Prewitt: Yes. Unrelated people living together is a very difficult group to count, because they themselves don't know who's going to leave. Someone's going off on a trip with their friend to Europe — are they coming back or not? Do you count them or not? If they don't think the census has anything to do with them, they won't answer. We actually don't have a good sense of the cooperation we'll get out of that population group. And that's why the advertising campaign is so critical. And the follow-up strategy is so critical.

We do have a whole new population that's grown up in a high-tech world. The Census Bureau is working hard to figure out how you get the attention of those people and make them feel like the census is something they ought to do or is fun to do. If you don't have an advertising budget, that's a population you're less likely to count at 100 percent.

And right now, there's no advertising money.

Prewitt: It was in the budget, but it was not funded.

It seems like the dress rehearsal is especially important this time because they're trying out an entire new digital system.

Prewitt: If the design were exactly like the one used in 2010, which was largely the design used in 2000, then this would be less worrisome.

As someone who has conducted a U.S. census, what kinds of problems did you find during the test?

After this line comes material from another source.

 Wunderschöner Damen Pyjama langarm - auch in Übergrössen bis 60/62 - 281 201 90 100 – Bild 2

Prewitt: One of the biggest issues that we needed to spend additional money on in 1999 was a flood of new building. The economy was strong, and there was an enormous expansion of the housing stock in Las Vegas, around Phoenix, in the Southwest overall — and these were buildings that weren't even there when we [compiled the address file for that census]. In the last year, we had to adjust the address file to take into account that surge of housing-stock growth. And we did. Had we not done that, the Republicans would have rightly complained. Because we would have missed all those households, which tended to be disproportionately [in] Republican voting districts. And they would have been right.

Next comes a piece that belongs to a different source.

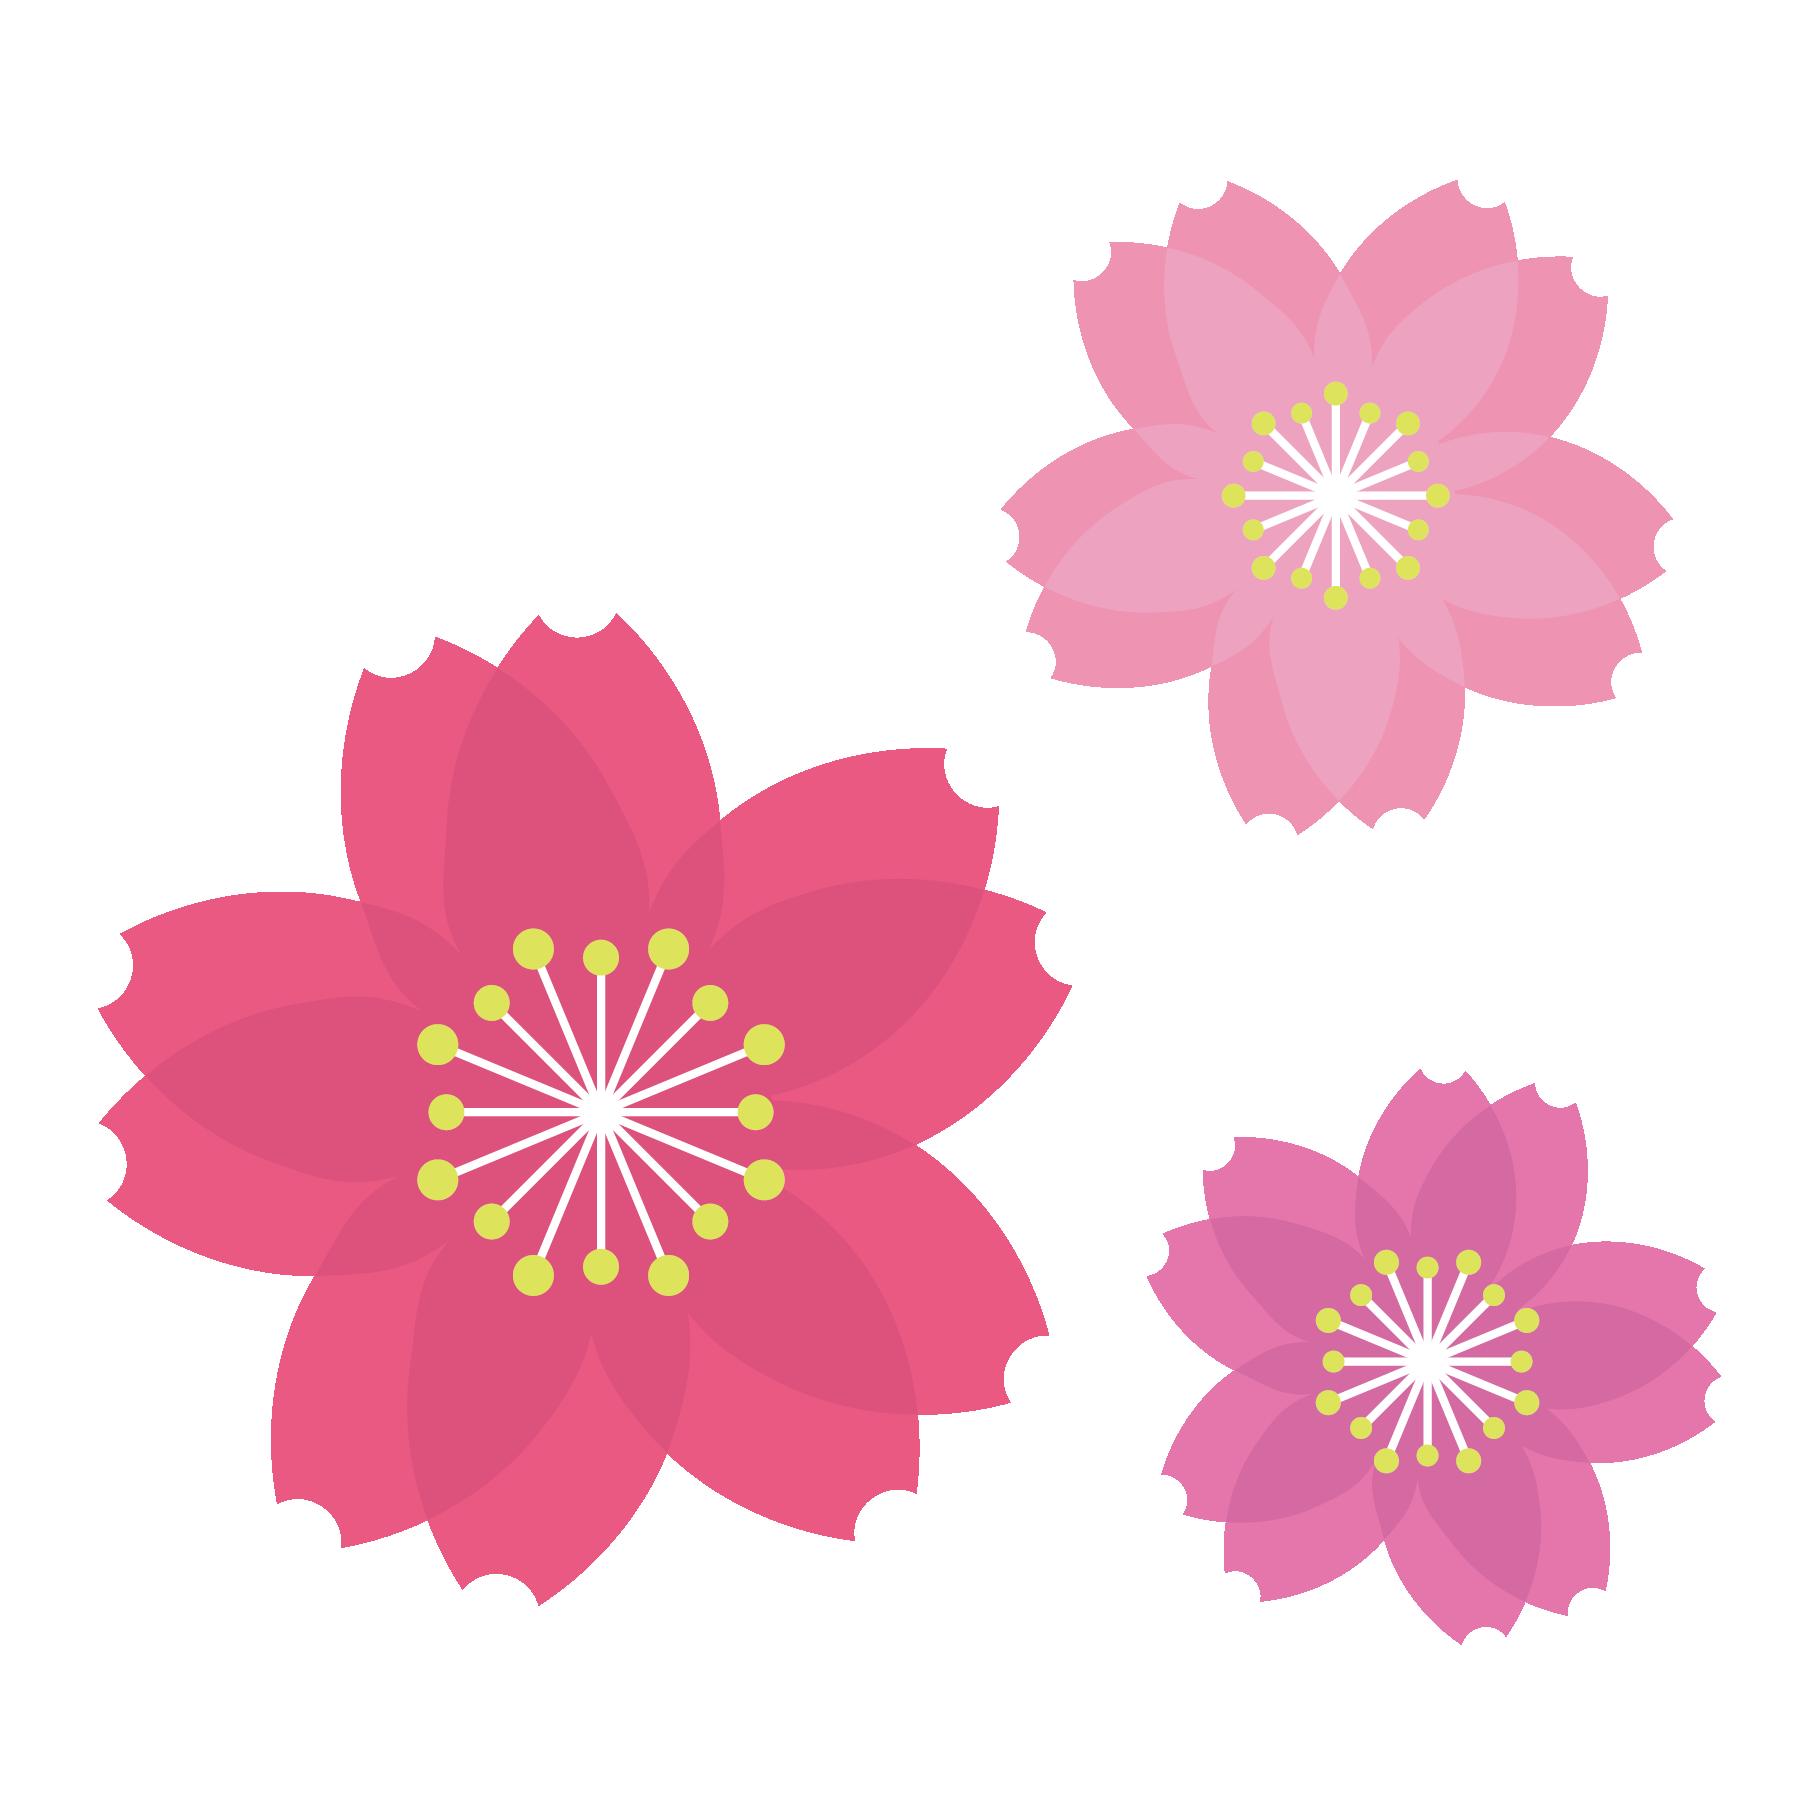 桜(サクラ)イラスト | 商用フリー(無料)のイラスト素材なら

Whatever happens between now and 2020, it has to feel like it is of zero benefit to one party or the other. If [one party does benefit more], there will be a withdrawal of confidence. And that will spread to the entire federal statistical system. If parts of the public have no confidence in the numbers [used] to govern it, whether it's health or education … we have never been there and I hope we never get there. I'm not saying we will get there, but a bad census is a very public event.